Of loyalties & one magic moment

There have been several memorable moments over the last month-and-a-half I have spent tracking Mohali in the Indian Premier League, but if I have to pick the best out of them, it surely has to be that magical run out by Yuvraj Singh against Mumbai.

Mumbai had come back into the game from nowhere and looked certain to win the game when Yuvraj Singh effected that stunning run out on the last ball of the match to clinch a thriller. The image of full-stretched, air-borne Yuvraj whipping off the bails, running to the boundary in wild celebration, and the boisterous crowd drowning into a stunned silence will stick in my memory for a long time. That win gave me some strange satisfaction, for I was the only journalist supporting Mohali, and everyone around knew it.

Baby, baby, baby!

THE infant would have been about 10-months-old. Seated in his mother’s lap during a flight to Delhi, the baby found it amusing to tap the head of the gentleman seated in front.

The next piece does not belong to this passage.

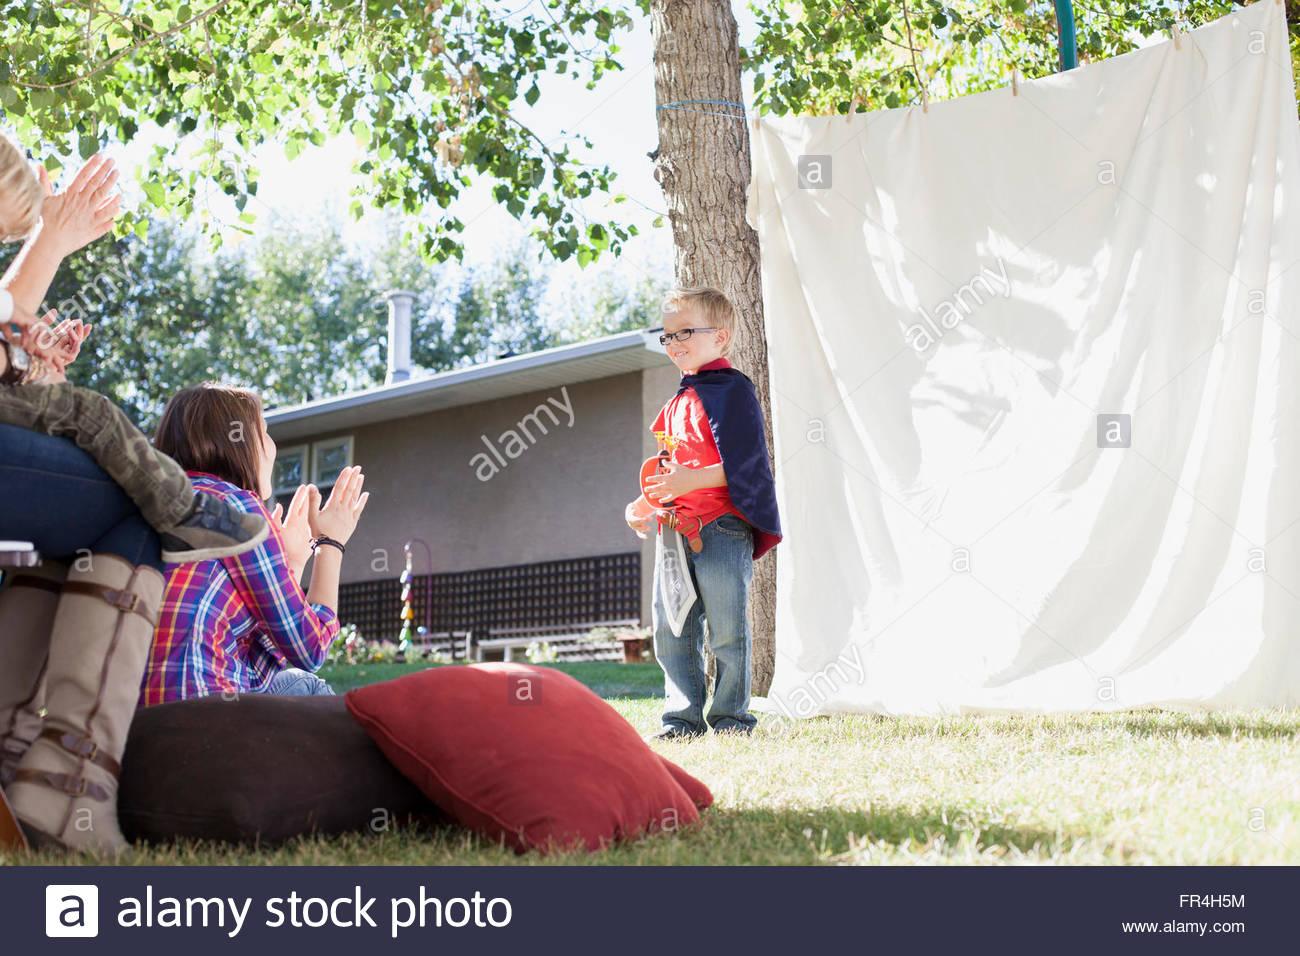 Ragazzo giovane eseguendo un gioco per la famiglia. Immagini Stock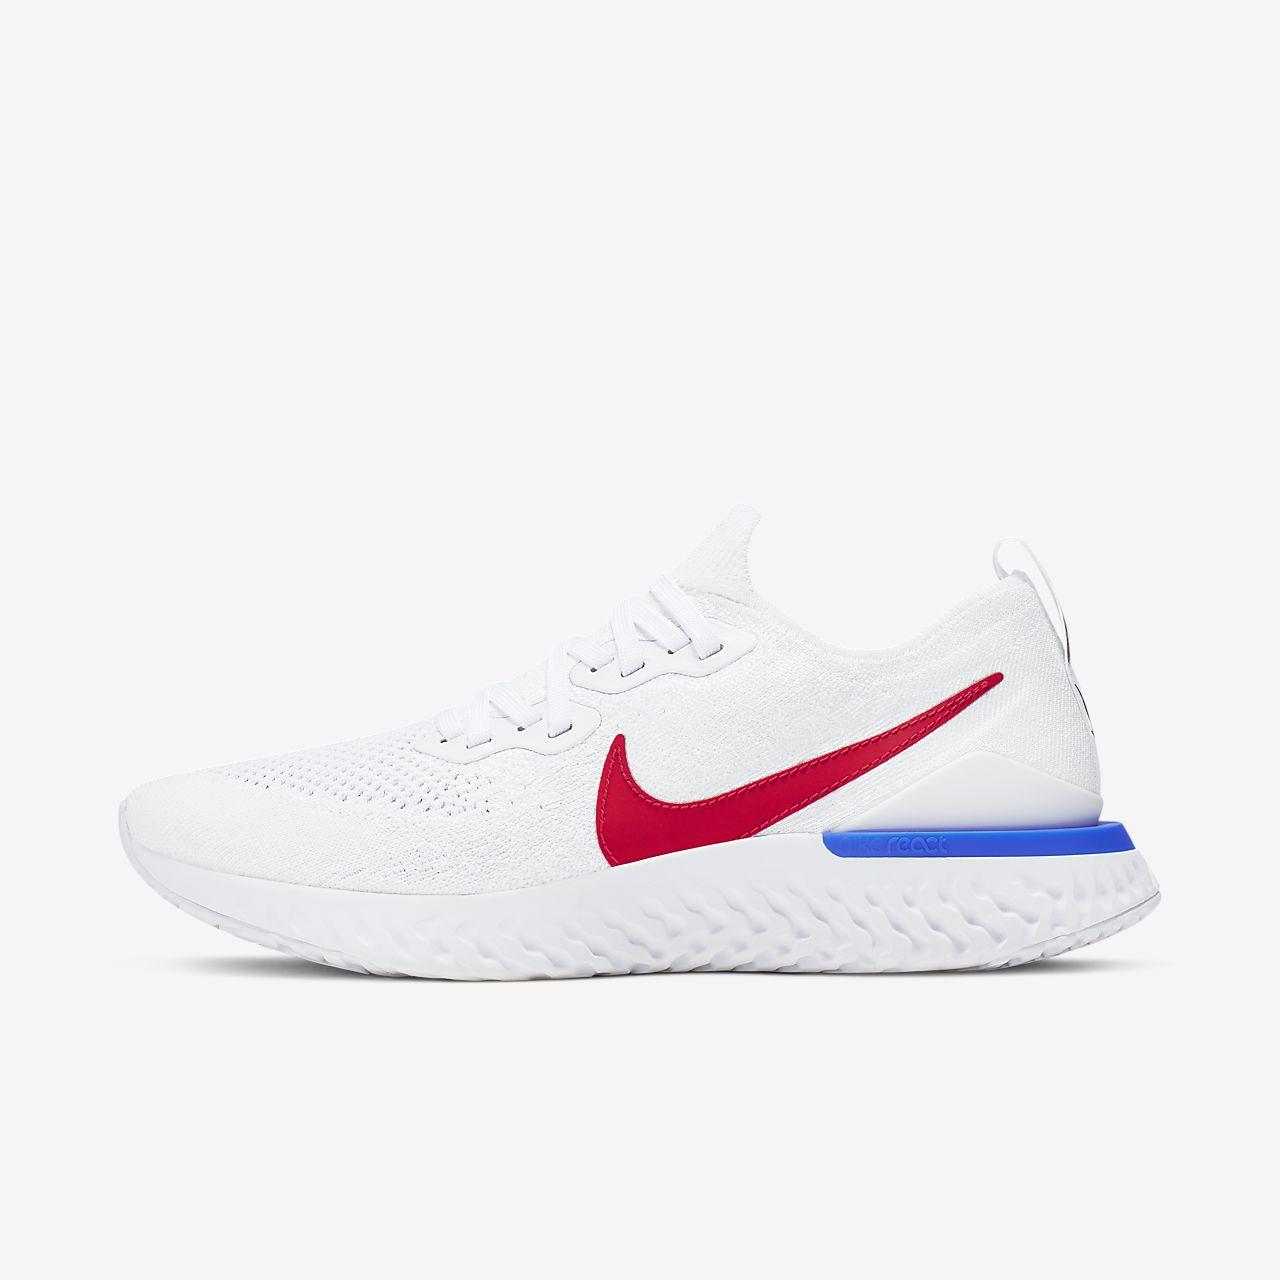 Perspectiva solitario Terrible  Běžecké Boty Nike Nová Kolekce - Pánské Nike Epic React Flyknit 2 BRS  Bílé/Blankyt/Červené

The man in question, Chennai skipper Mahendra Singh Dhoni, turned back only to be disarmed by the child’s bald pate and chubby cheeks.

He took the infant in his arms and played with him for some time. And when the mother requested the skipper to pose with her son for a picture, Dhoni was more than obliging.

As she clicked away, Dhoni kept the baby amused and even suggested a place where he thought the light was better.

Here was a player, whose $1.6 million deal was being talked about more than his cricket, giving in to the demands of a child. It is difficult to find any other moment to rival this incident.